Providence Roller Derby (PRD) is a women's flat track roller derby league based in Providence, Rhode Island. Founded in 2004 as the first all-female flat-track roller derby league in New England, Providence is a founding member of the Women's Flat Track Derby Association (WFTDA).

==History==
Sarah Kingan, using the derby name "Sarah Doom", a Brown University alumna, established Providence Roller Derby in 2004. She originally trained with Tucson Roller Derby while on an internship in Tucson, Arizona. After moving back to New England, she started the league in Providence. Skaters were recruited and trained for over a year before creating teams and public bouting. Kingan soon left Providence to pursue a doctorate at Harvard University and shortly thereafter helped found the Boston Derby Dames.

The league's first two teams were the Providence Mob Squad and the Sakonnet River Roller Rats, comprising skaters aged 19 to 29, and the league's first exhibition bout was May 1, 2005 at the outdoor Bank of America Skating Center. The weather report predicted sun by the afternoon, but when the teams showed up the rink was completely flooded, and head referee Billy the Kid began squeegeeing water off the track until rink staff arrived and used a zamboni to dry the surface. Eventually the Mob Squad claimed the first victory. David Cicilline, the then-mayor of Providence, attended the first game. Season one culminated in New England's first interleague bout between Boston and Providence in October 2005, won by Providence.

In 2006, Providence Roller Derby introduced a third team: the Old Money Honeys. The Old Money Honeys lost their first game of the season but won the season Championship 136-114 against the Sakonnet River Roller Rats, under the leadership of Dolly Rocket and including powerful skaters such as Lotta Pain, Anna Wrecks'Ya, Jean Harlot and Craisy Dukes in her debut season. This season also debuted notable vets Sass E. McNasty (Old Money Honeys) and Baby Fighterfly (Sakonnet River Roller Rats).
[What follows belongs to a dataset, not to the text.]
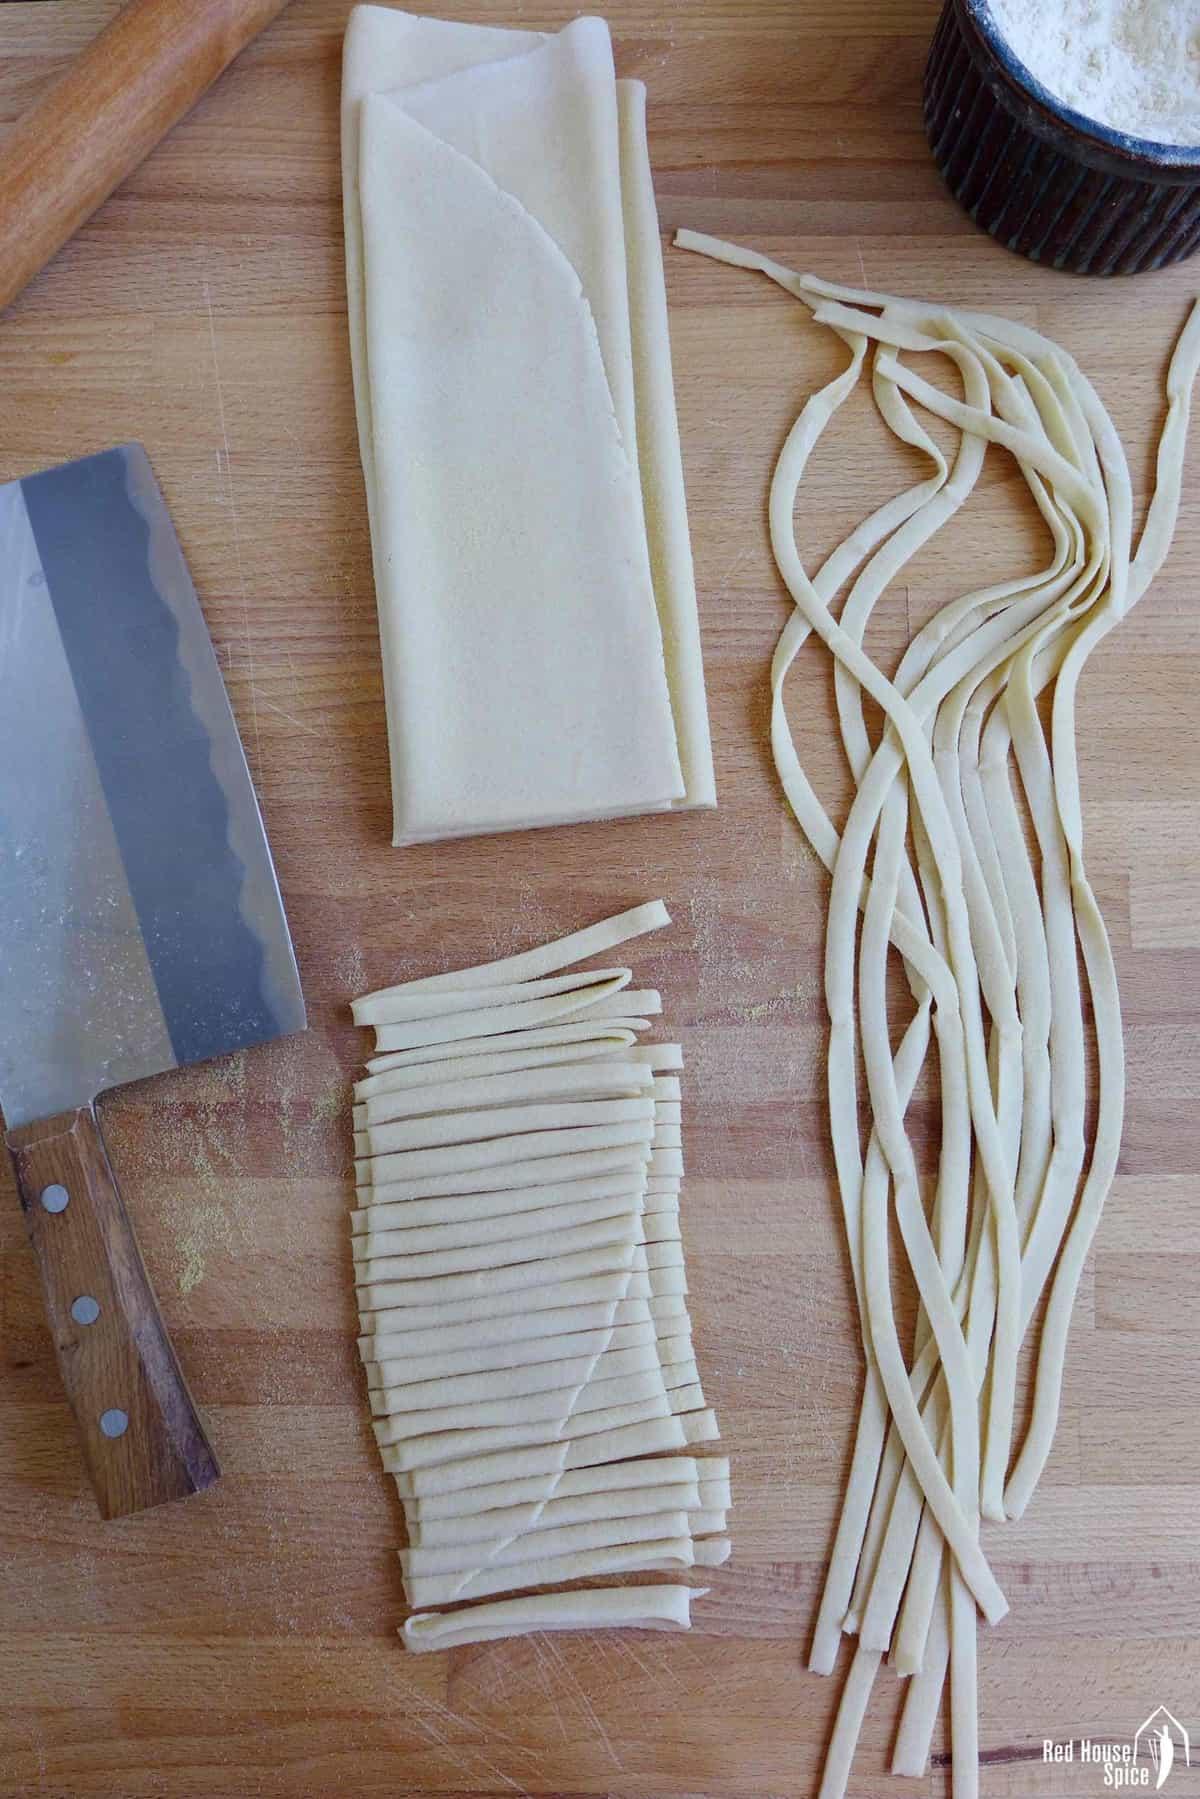 dough sheet and knife cut noodles

In the 2007 season, The Mob Squad reigned undefeated and won the championship. Lotta Pain was the 2007 Mob Squad team captain. The team included notable veteran skaters such as Burnin' Helen, Baby Fighterfly, Elle Razor and jammer/blocker phenom, daSilva Bullet. This also marked the debut season for Rhode Kill on The Mob Squad.

The 2009 season marked the first Championship win for the Sakonnet River Roller Rats with Craisy Dukes as team captain. With the recruitment of stand-outs such as Trophy Knife and Kid Ace, the Rats formed a team with intense skill and teamwork. They skated away with their first win at the big game and would follow up with back-to-back Championship trophies in 2010 under the leadership of Kid Ace.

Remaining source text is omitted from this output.